If I don’t reload my integrations again, this delay will steadily increase. It’s gotten to 20 seconds before, at which point I felt like breaking it.
Other things I’ve ruled out:
- Ollama being slow (if I copy paste my prompt directly to Ollama, the response is lightning fast)
- Slowness with STT/TTS (Debug runs without the preview edition are lightning fast)

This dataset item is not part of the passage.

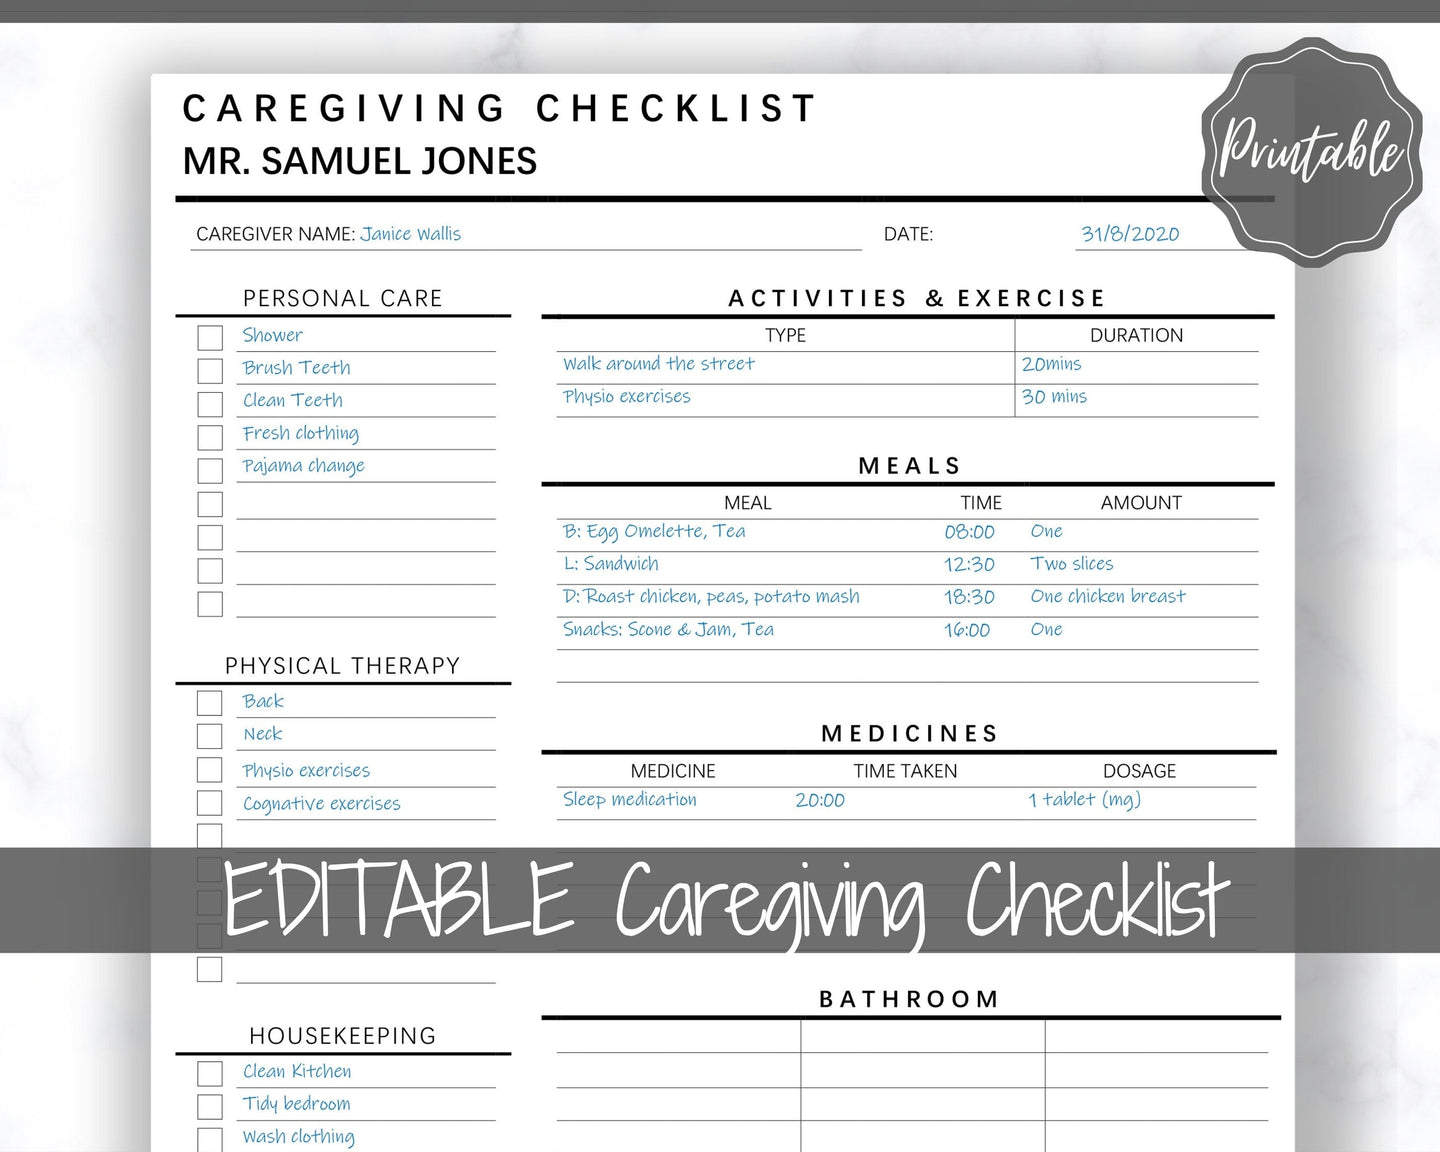 Caregiving Elderly Care Checklist. EDITABLE Printable is ideal for Caregivers. Daily cleaning, Daily Tasks, Housekeeping, Care log Template

Here is a debug log of the slow run:
stage: done
run:
pipeline: 7fP4q0xRkM8Z2nLJ9aBvQeYt
language: en
conversation_id: 8QZpF6k1YJrW0D9mS2HnA5tL
satellite_id: assist_satellite.voice_unit_7cD1A9xQeM
tts_output:
token: R9QwXJ6A1bZcL4TnY8P2Vd.flac
url: /api/tts_proxy/R9QwXJ6A1bZcL4TnY8P2Vd.flac
mime_type: audio/flac
stream_response: true
events:
- type: run-start
data:
pipeline: 7fP4q0xRkM8Z2nLJ9aBvQeYt
language: en
conversation_id: 8QZpF6k1YJrW0D9mS2HnA5tL
satellite_id: assist_satellite.voice_unit_7cD1A9xQeM
tts_output:
token: R9QwXJ6A1bZcL4TnY8P2Vd.flac
url: /api/tts_proxy/R9QwXJ6A1bZcL4TnY8P2Vd.flac
mime_type: audio/flac
stream_response: true
timestamp: "2026-02-12T18:42:00.092965+00:00"
- type: stt-start
data:
engine: stt.faster_whisper
metadata:
language: en
format: wav
codec: pcm
bit_rate: 16
sample_rate: 16000
channel: 1
timestamp: "2026-02-12T18:42:00.093165+00:00"
- type: stt-vad-start
data:
timestamp: 1050
timestamp: "2026-02-12T18:42:01.159069+00:00"
- type: stt-vad-end
data:
timestamp: 2690
timestamp: "2026-02-12T18:42:02.782167+00:00"
- type: stt-end
data:
stt_output:
text: " What is your name?"
timestamp: "2026-02-12T18:42:02.963807+00:00"
- type: intent-start
data:
engine: conversation.ollama_conversation
language: en
intent_input: " What is your name?"
conversation_id: 8QZpF6k1YJrW0D9mS2HnA5tL
device_id: D4A9n8k2WZxPq7m0FJ6L1S5C
satellite_id: assist_satellite.voice_unit_7cD1A9xQeM
prefer_local_intents: true
timestamp: "2026-02-12T18:42:02.964065+00:00"
- type: intent-progress
data:
chat_log_delta:
role: assistant
content: I
timestamp: "2026-02-12T18:42:08.388485+00:00"
- type: intent-progress
data:
chat_log_delta:
content: " am"
timestamp: "2026-02-12T18:42:08.421001+00:00"
- type: intent-progress
data:
chat_log_delta:
content: " Homer"
timestamp: "2026-02-12T18:42:08.449793+00:00"
- type: intent-progress
data:
chat_log_delta:
content: ","
timestamp: "2026-02-12T18:42:08.483069+00:00"
- type: intent-progress
data:
chat_log_delta:
content: " a"
timestamp: "2026-02-12T18:42:08.512579+00:00"
- type: intent-progress
data:
chat_log_delta:
content: " Home"
timestamp: "2026-02-12T18:42:08.542226+00:00"
- type: intent-progress
data:
chat_log_delta:
content: " Assistant"
timestamp: "2026-02-12T18:42:08.573931+00:00"
- type: intent-progress
data:
chat_log_delta:
content: "."
timestamp: "2026-02-12T18:42:08.602148+00:00"
- type: intent-progress
data:
chat_log_delta:
content: ""
timestamp: "2026-02-12T18:42:08.631625+00:00"
- type: intent-end
data:
processed_locally: false
intent_output:
response:
speech:
plain:
speech: I am Homer, a Home Assistant.
extra_data: null
card: {}
language: en
response_type: action_done
data:
targets: []
success: []
failed: []
conversation_id: 8QZpF6k1YJrW0D9mS2HnA5tL
continue_conversation: false
timestamp: "2026-02-12T18:42:08.632073+00:00"
- type: tts-start
data:
engine: tts.piper
language: en_GB
voice: en_GB-jenny_dioco-medium
tts_input: I am Homer, a Home Assistant.
acknowledge_override: false
timestamp: "2026-02-12T18:42:08.632243+00:00"
- type: tts-end
data:
tts_output:
media_id: media-source://tts/-stream-/R9QwXJ6A1bZcL4TnY8P2Vd.flac
token: R9QwXJ6A1bZcL4TnY8P2Vd.flac
url: /api/tts_proxy/R9QwXJ6A1bZcL4TnY8P2Vd.flac
mime_type: audio/flac
timestamp: "2026-02-12T18:42:08.632690+00:00"
- type: run-end
data: null
timestamp: "2026-02-12T18:42:08.632908+00:00"
started: 2026-02-12T18:42:00.092Z
finished: 2026-02-12T18:42:08.632Z
The big delay is in receiving a first token back from Ollama. But since I’ve already proven Ollama is running fine, and that the first command is also lightning fast - I think HA is filling additional context and/or a history of messages, even though I’ve told it not to.
Any help would truly truly be appreciated. For now, I’m giving up on this altogether.